● **ACTIVITY**
All of the data is to be written out again exactly, without the pictures.

● **AVAILABLE DATA**
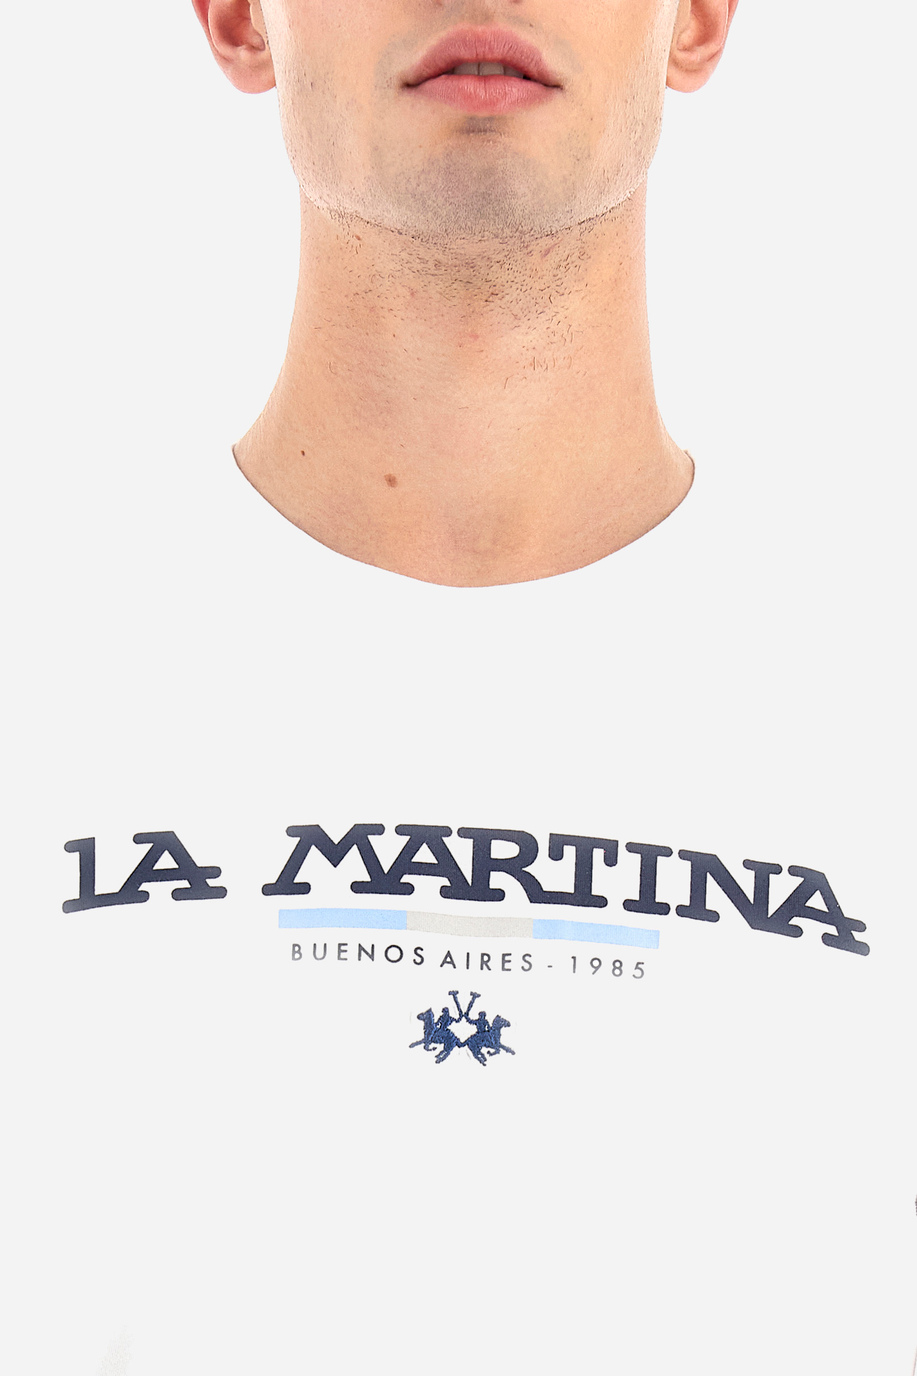 Tee-shirt homme coupe classique - Winford - T-shirts | La Martina - Official Online Shop
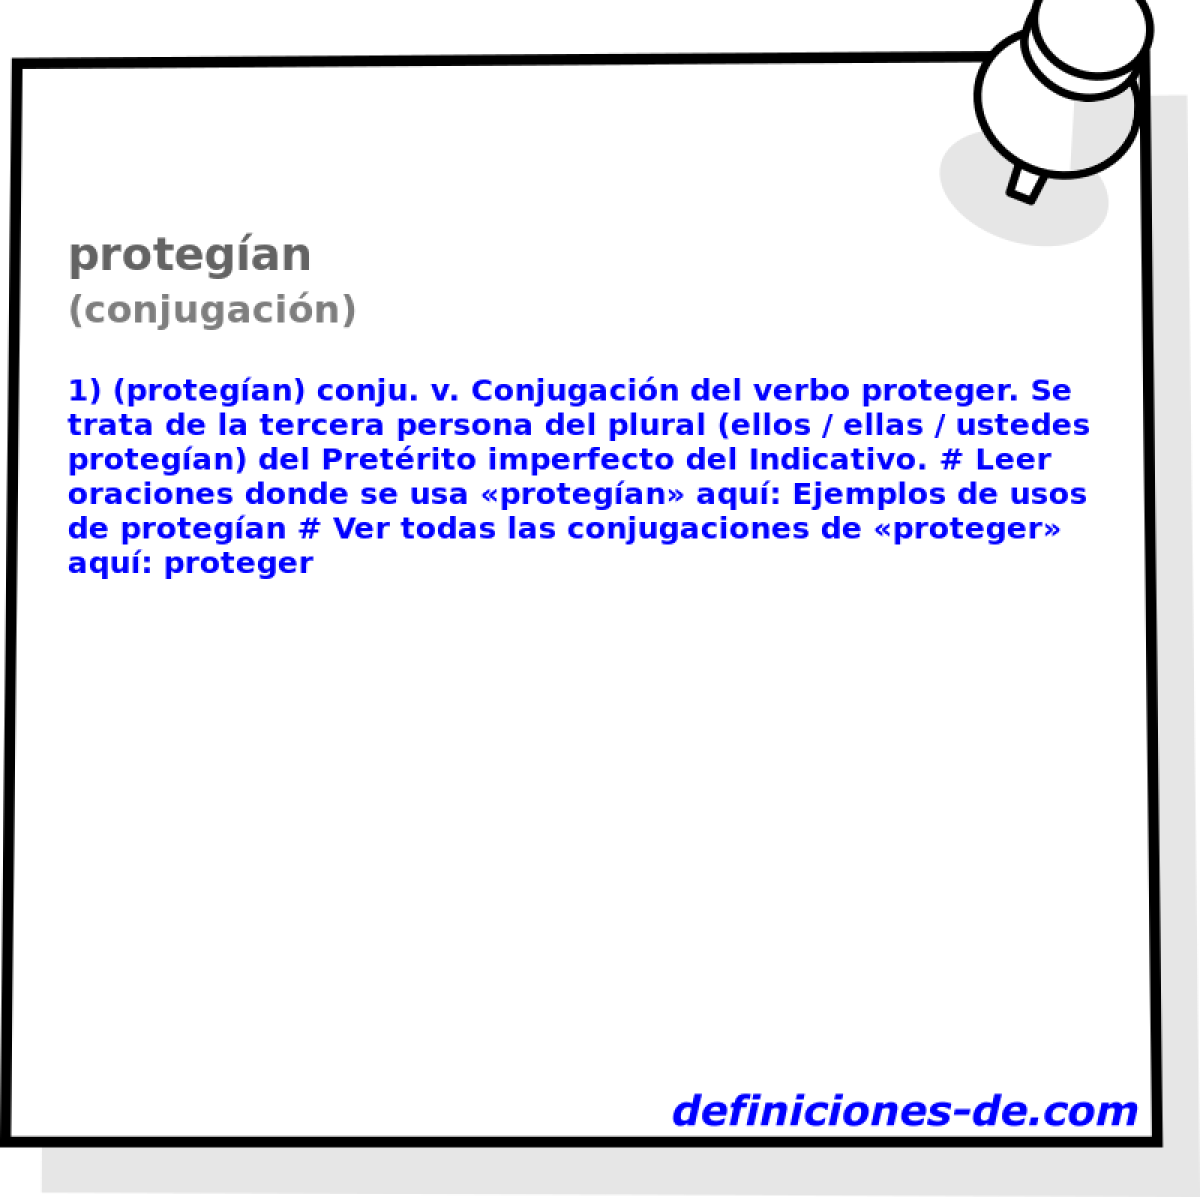 protegan (conjugacin)
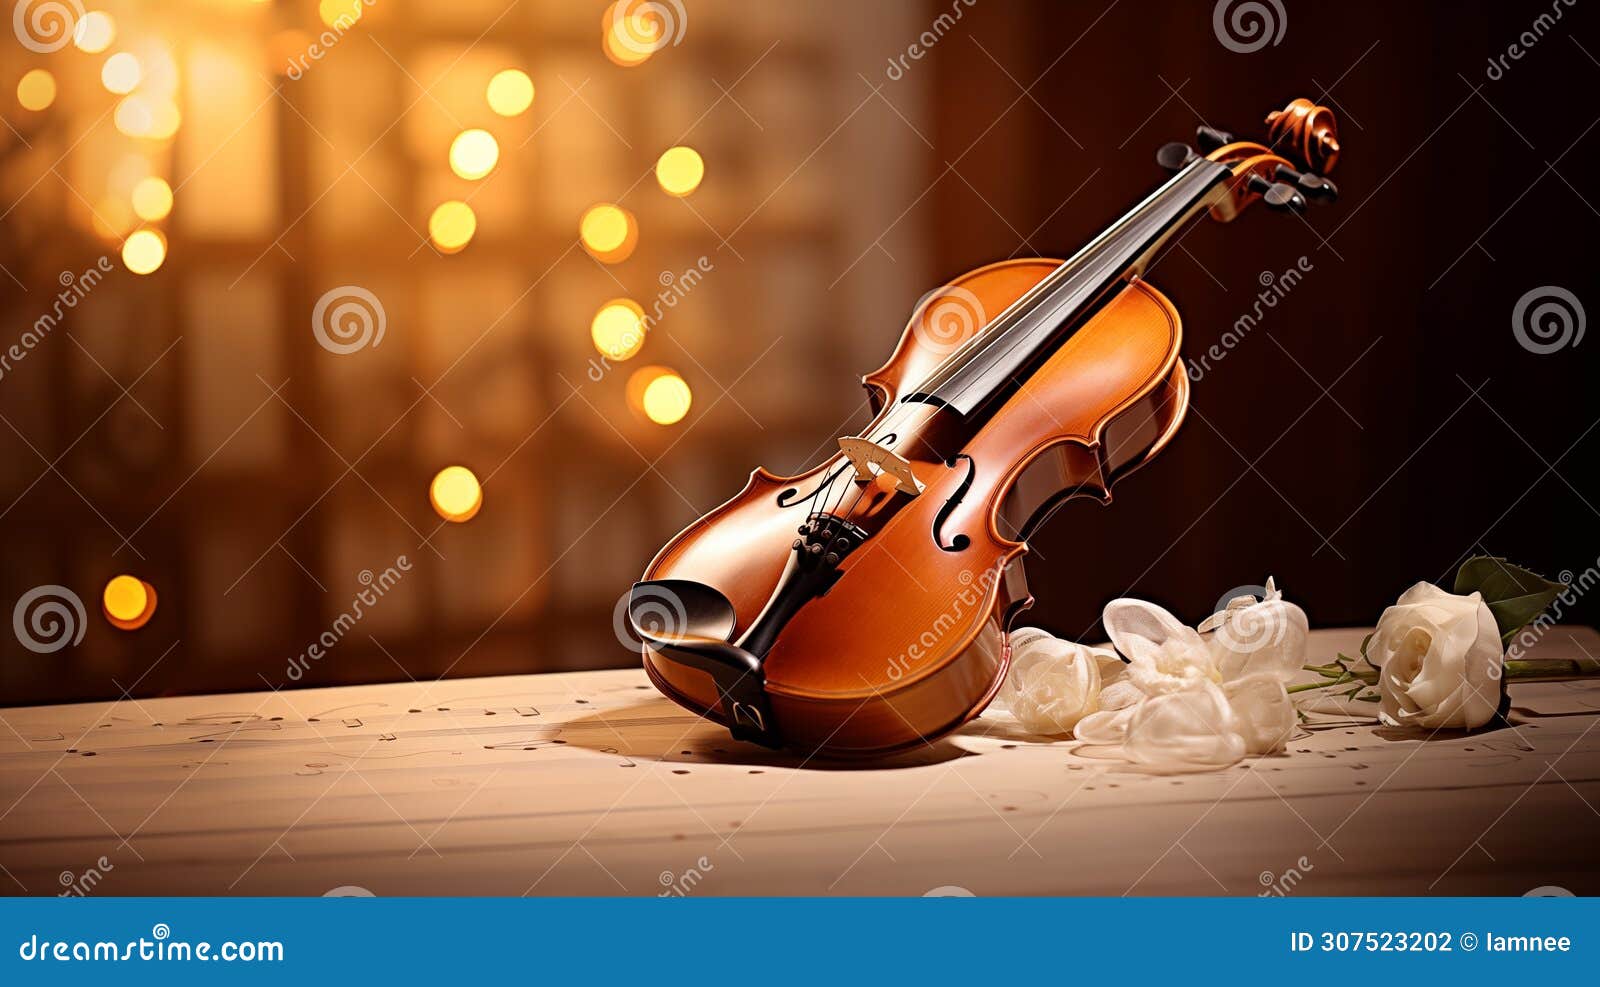 beautiful violin awaits its rightful musician counterpart.ai generated

● **WRITTEN ANSWER**
 Tee-shirt homme coupe classique - Winford - T-shirts | La Martina - Official Online Shop
 protegan (conjugacin)
 beautiful violin awaits its rightful musician counterpart.ai generated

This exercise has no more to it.